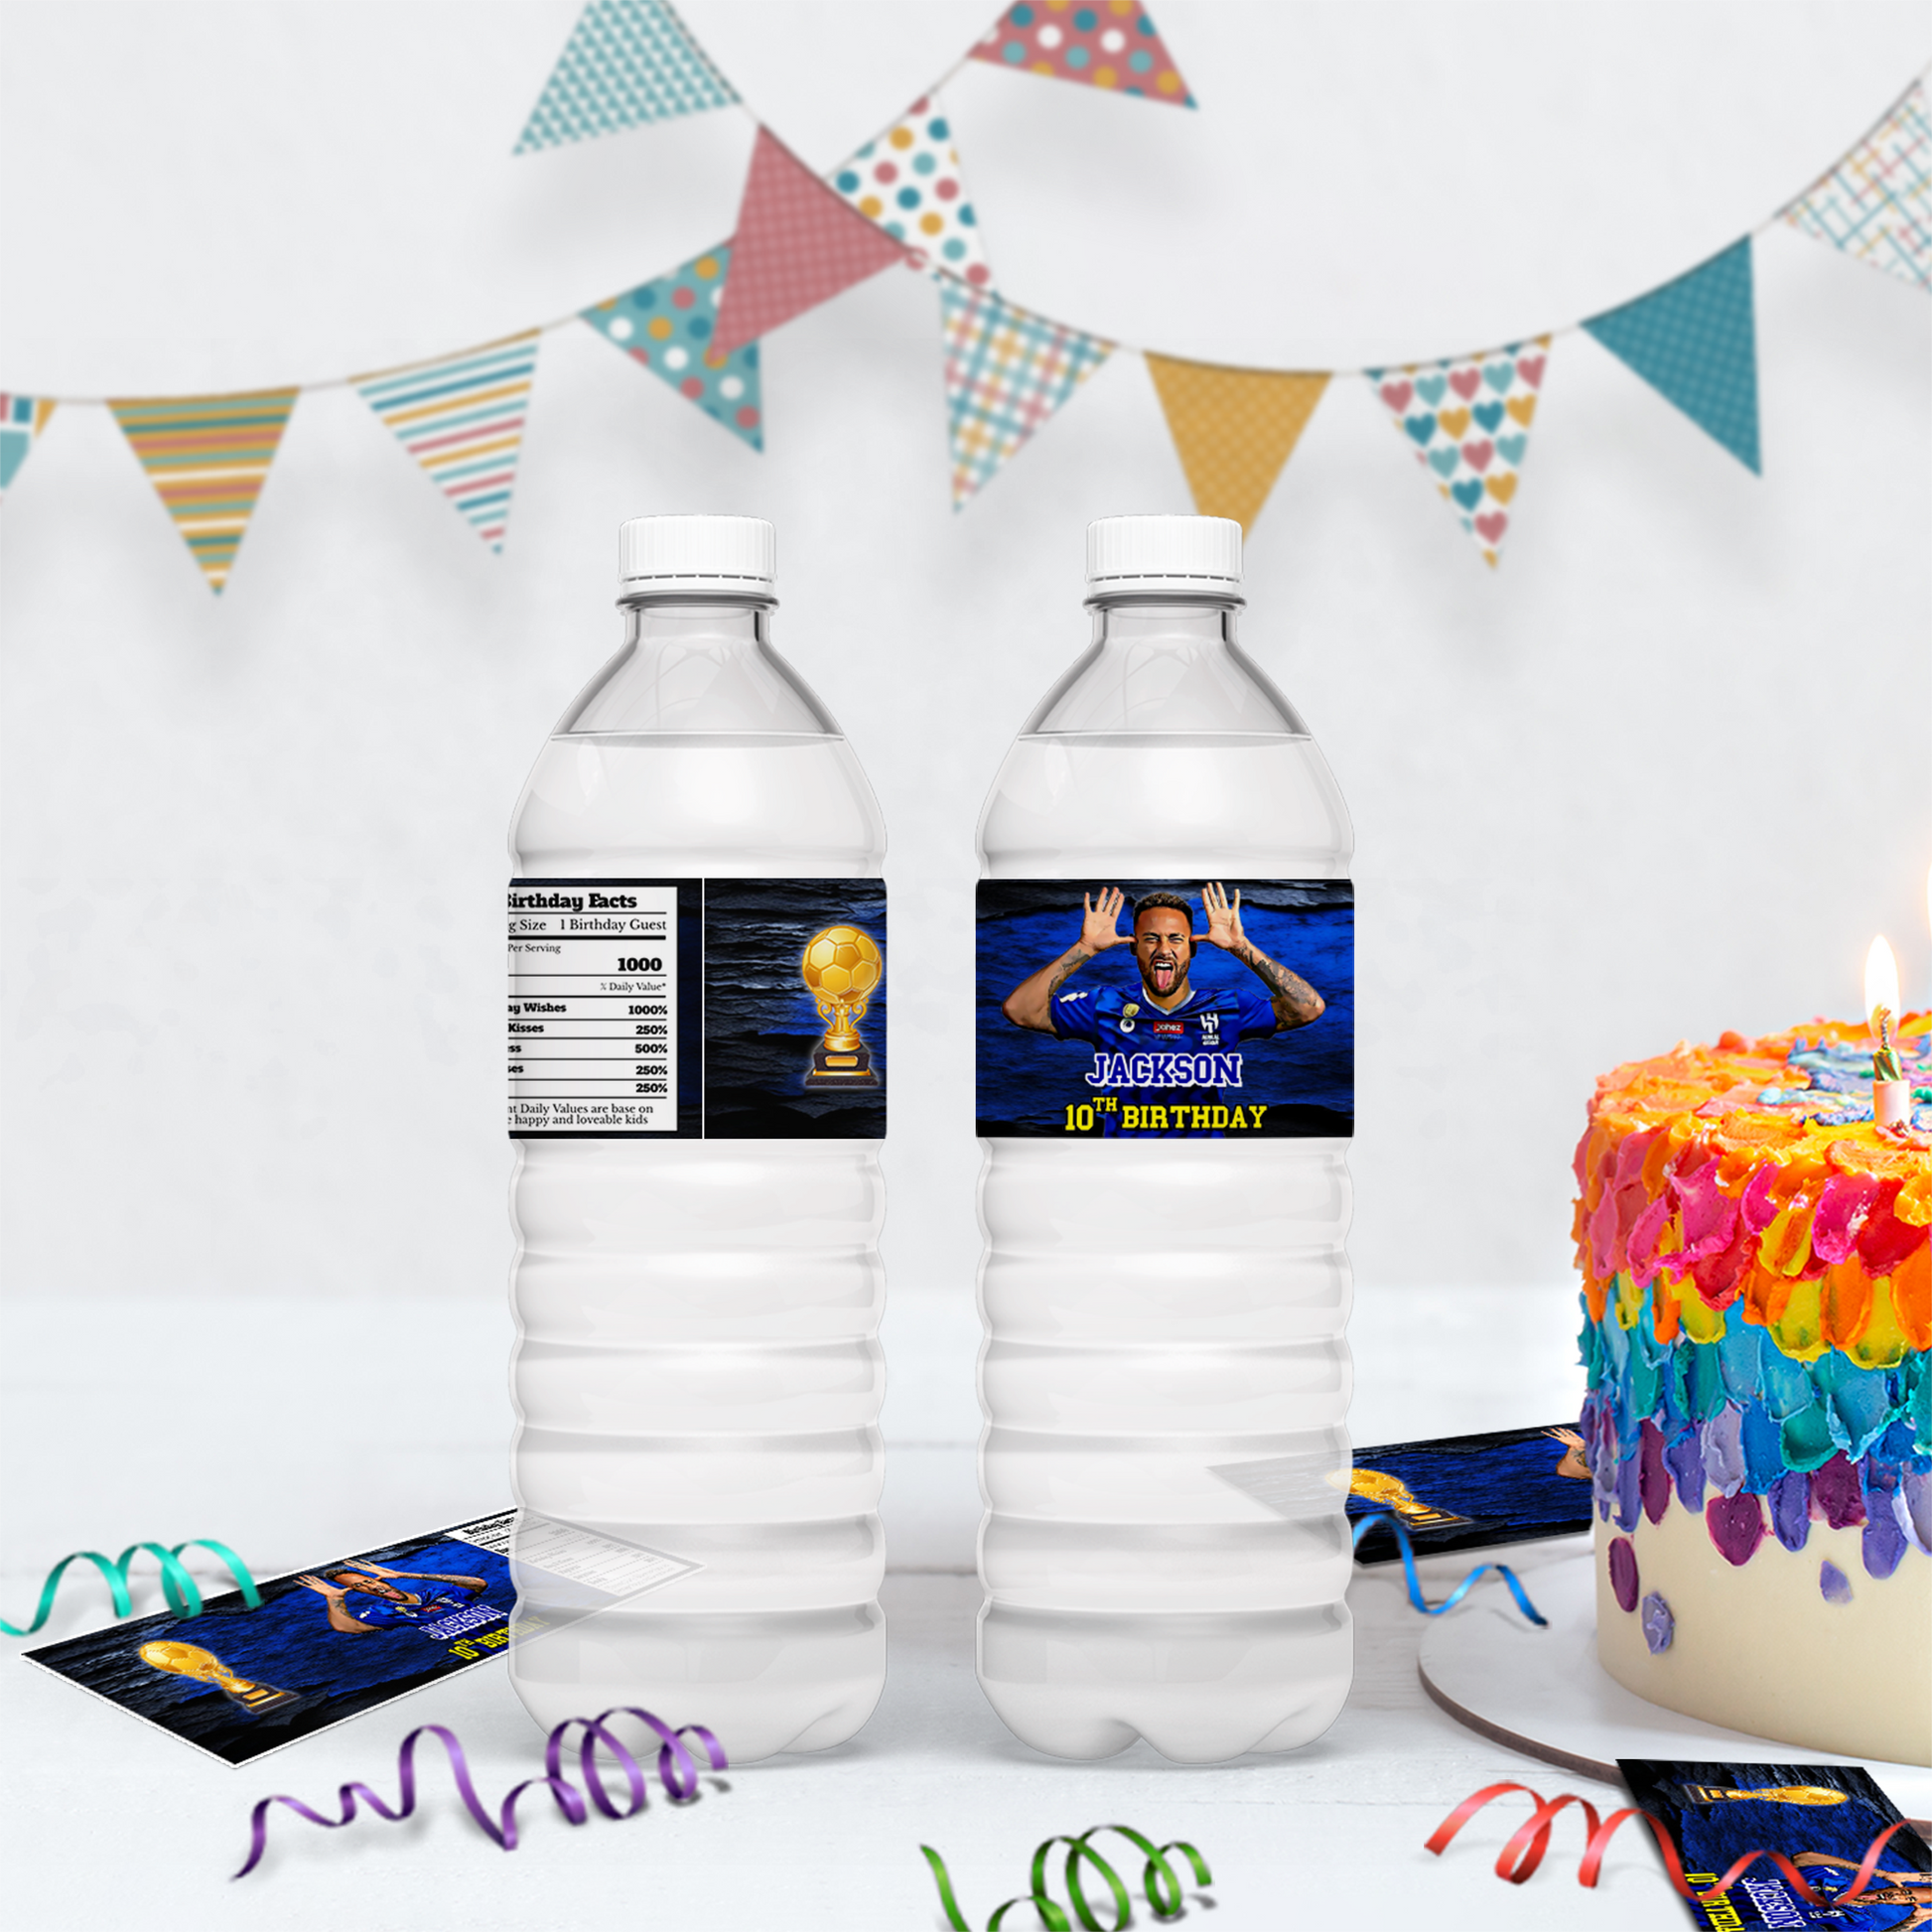 Water bottle label featuring Neymar
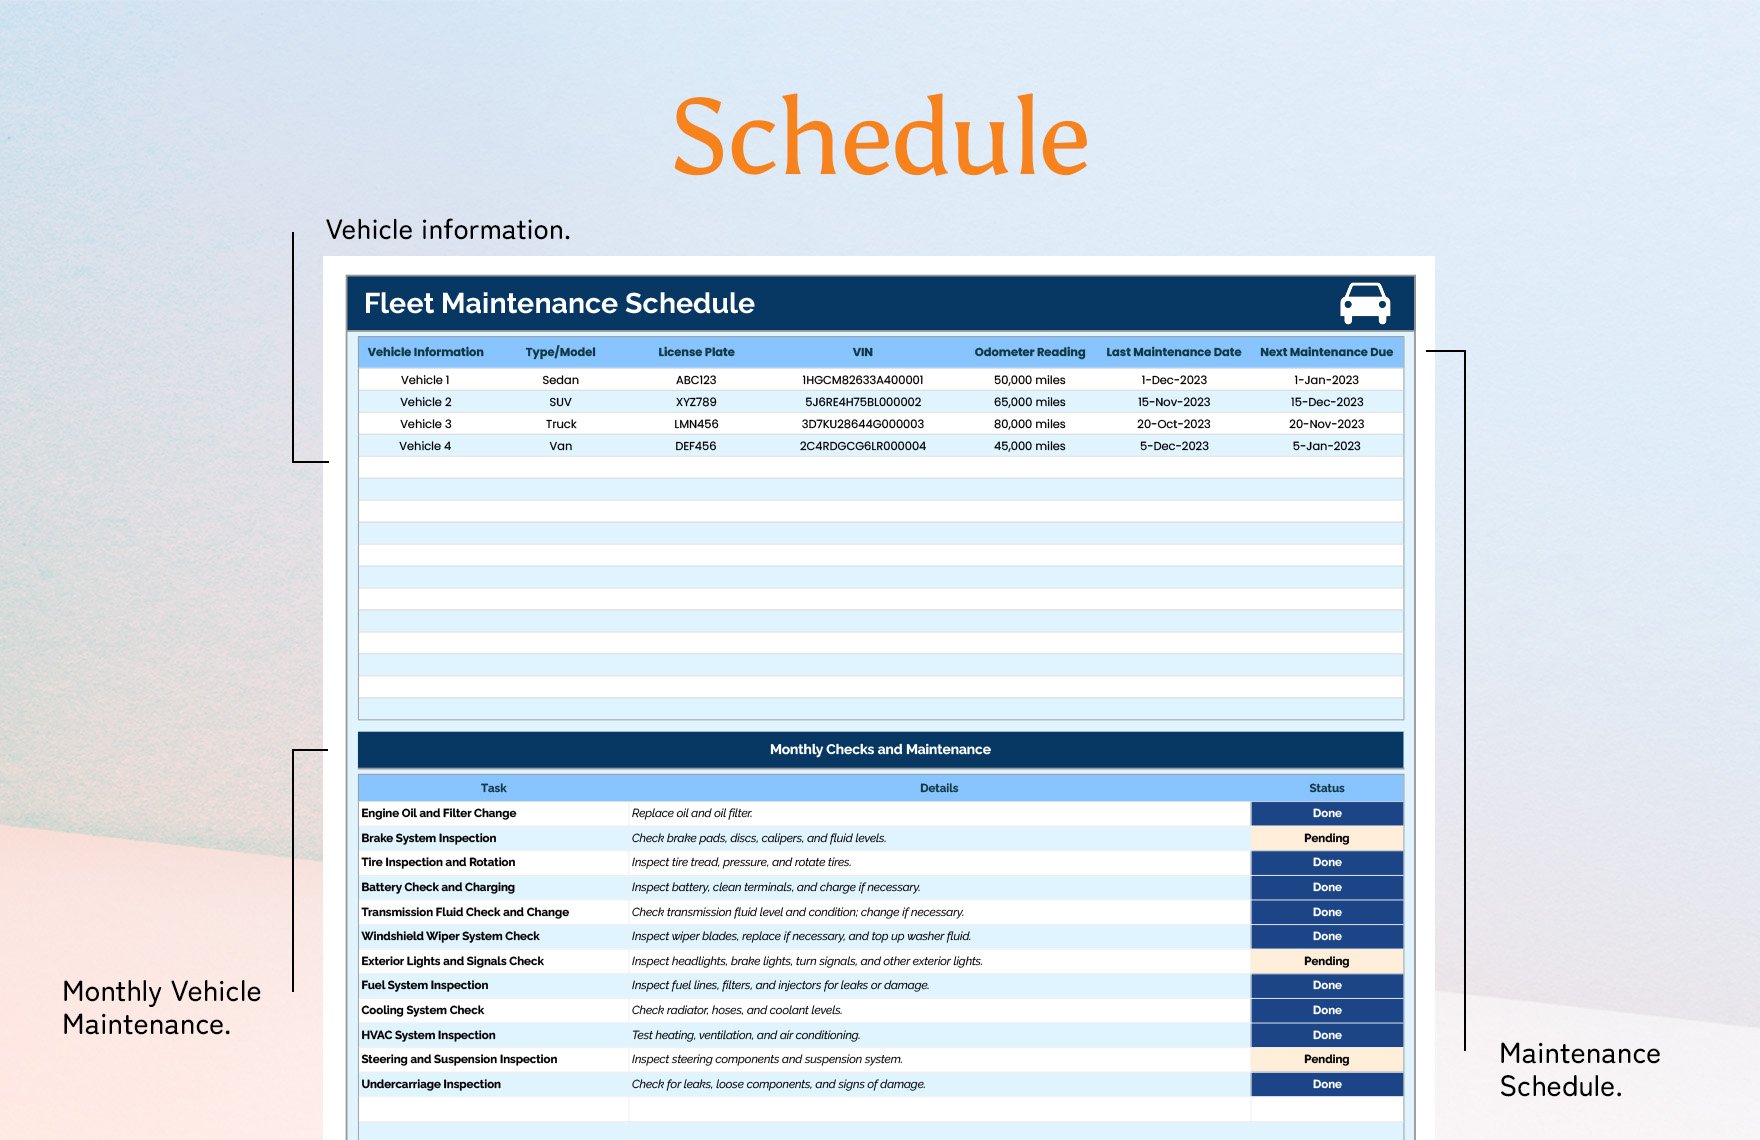 Fleet Maintenance Schedule Template
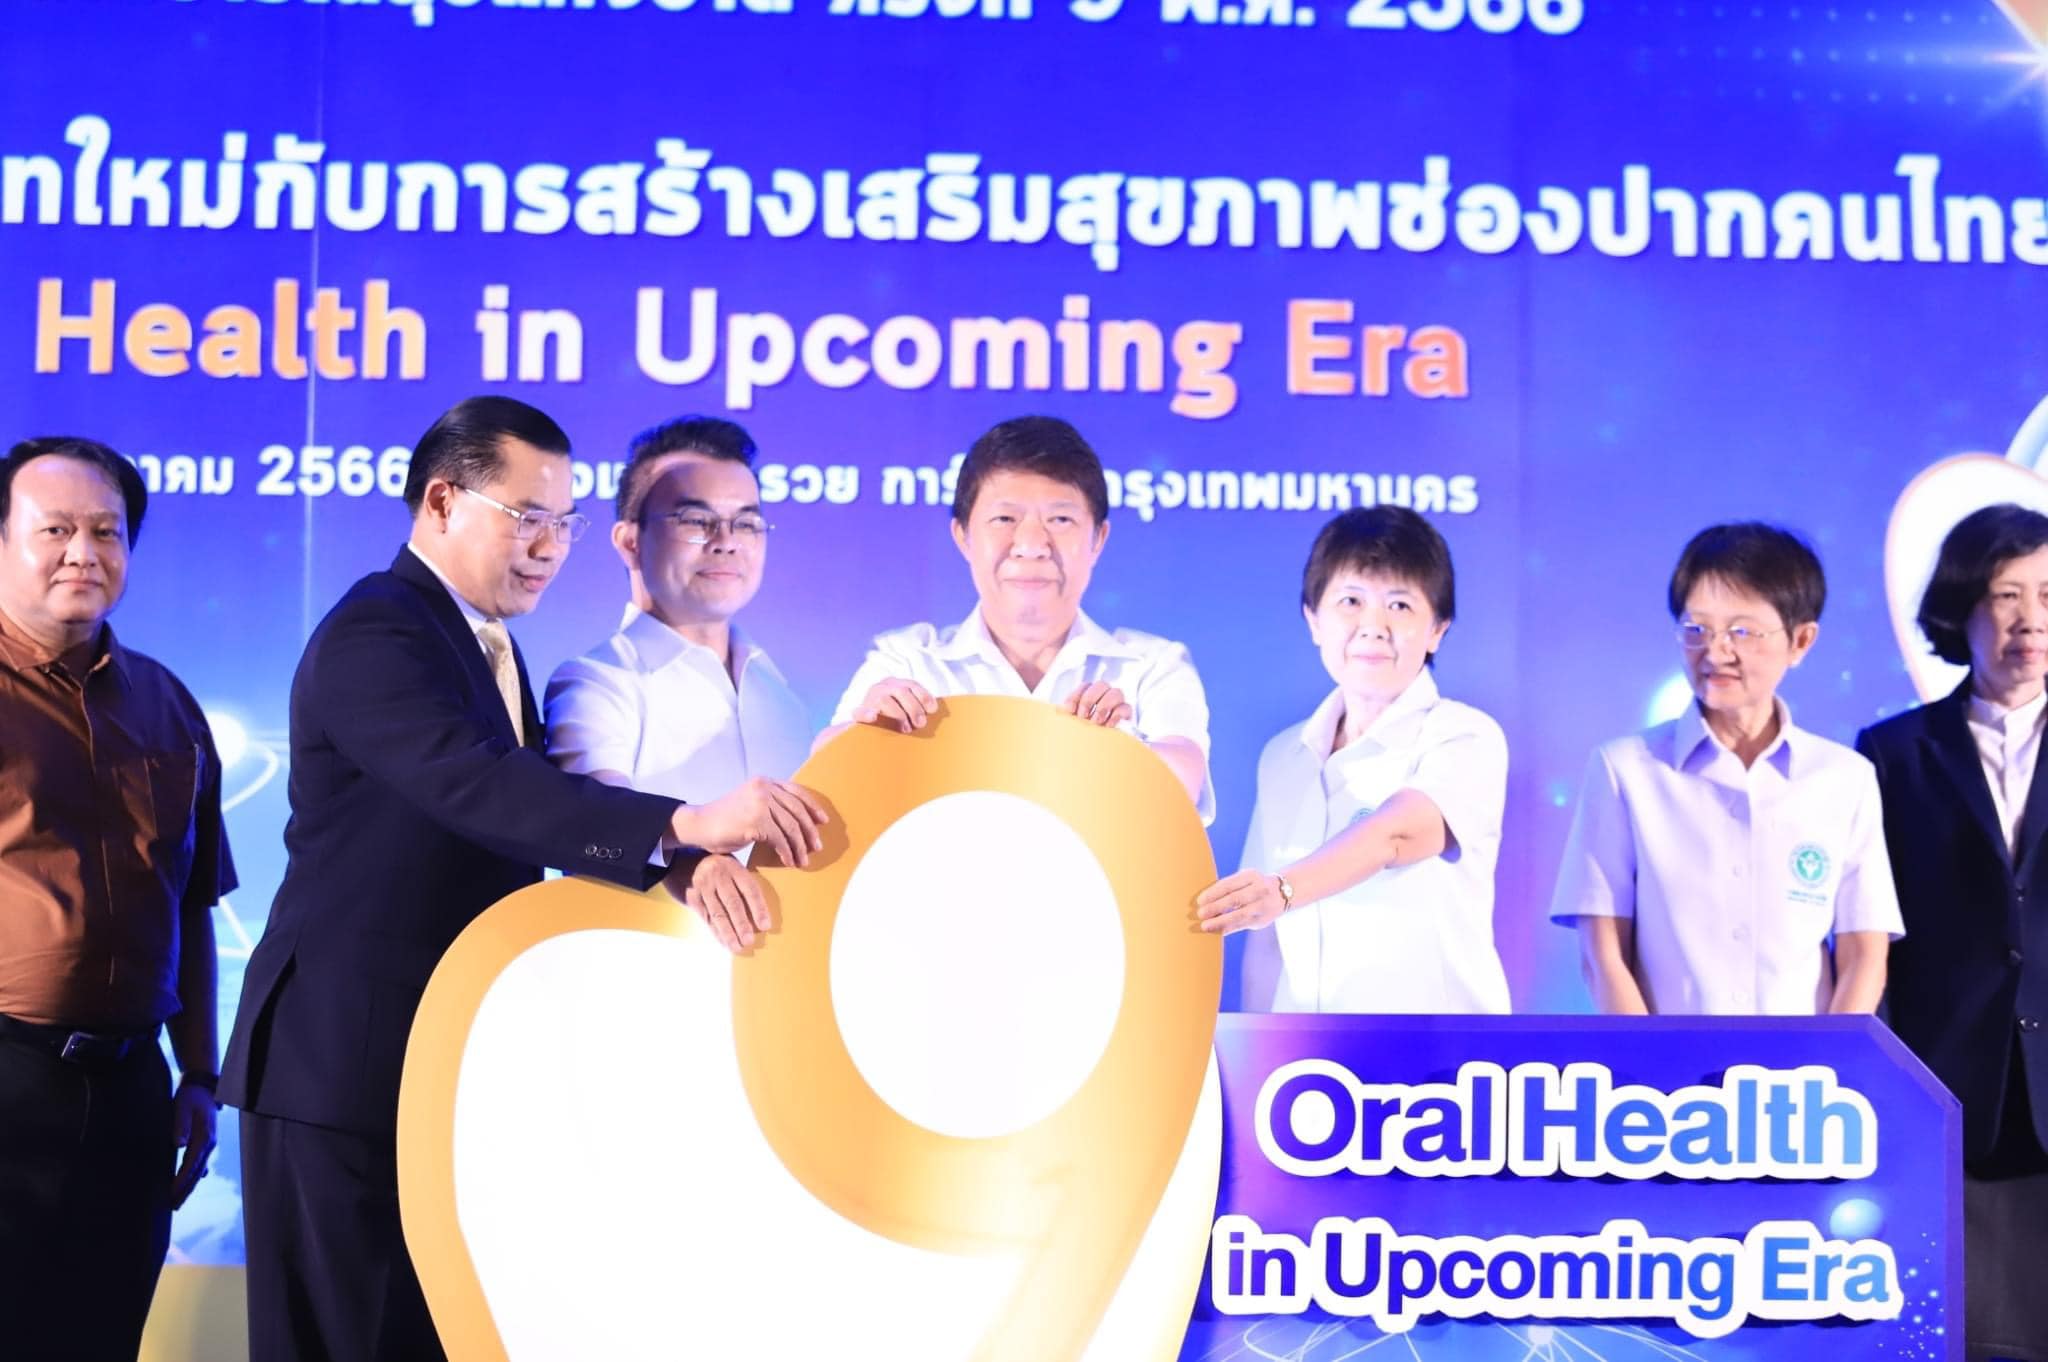 เข้าร่วมประชุมวิชาการทันตสาธารณสุขแห่งชาติ ครั้งที่ 9 พ.ศ. 2566 ภายใต้แนวคิด “บริบทใหม่กับการสร้างเสริมสุขภาพช่องปากคนไทย : Oral Health in Upcoming Era”

Task: Return the complete material exactly as given, excluding images.

Response area:
 Water bottle label featuring Neymar
 Fleet Maintenance Schedule Template
 เข้าร่วมประชุมวิชาการทันตสาธารณสุขแห่งชาติ ครั้งที่ 9 พ.ศ. 2566 ภายใต้แนวคิด “บริบทใหม่กับการสร้างเสริมสุขภาพช่องปากคนไทย : Oral Health in Upcoming Era”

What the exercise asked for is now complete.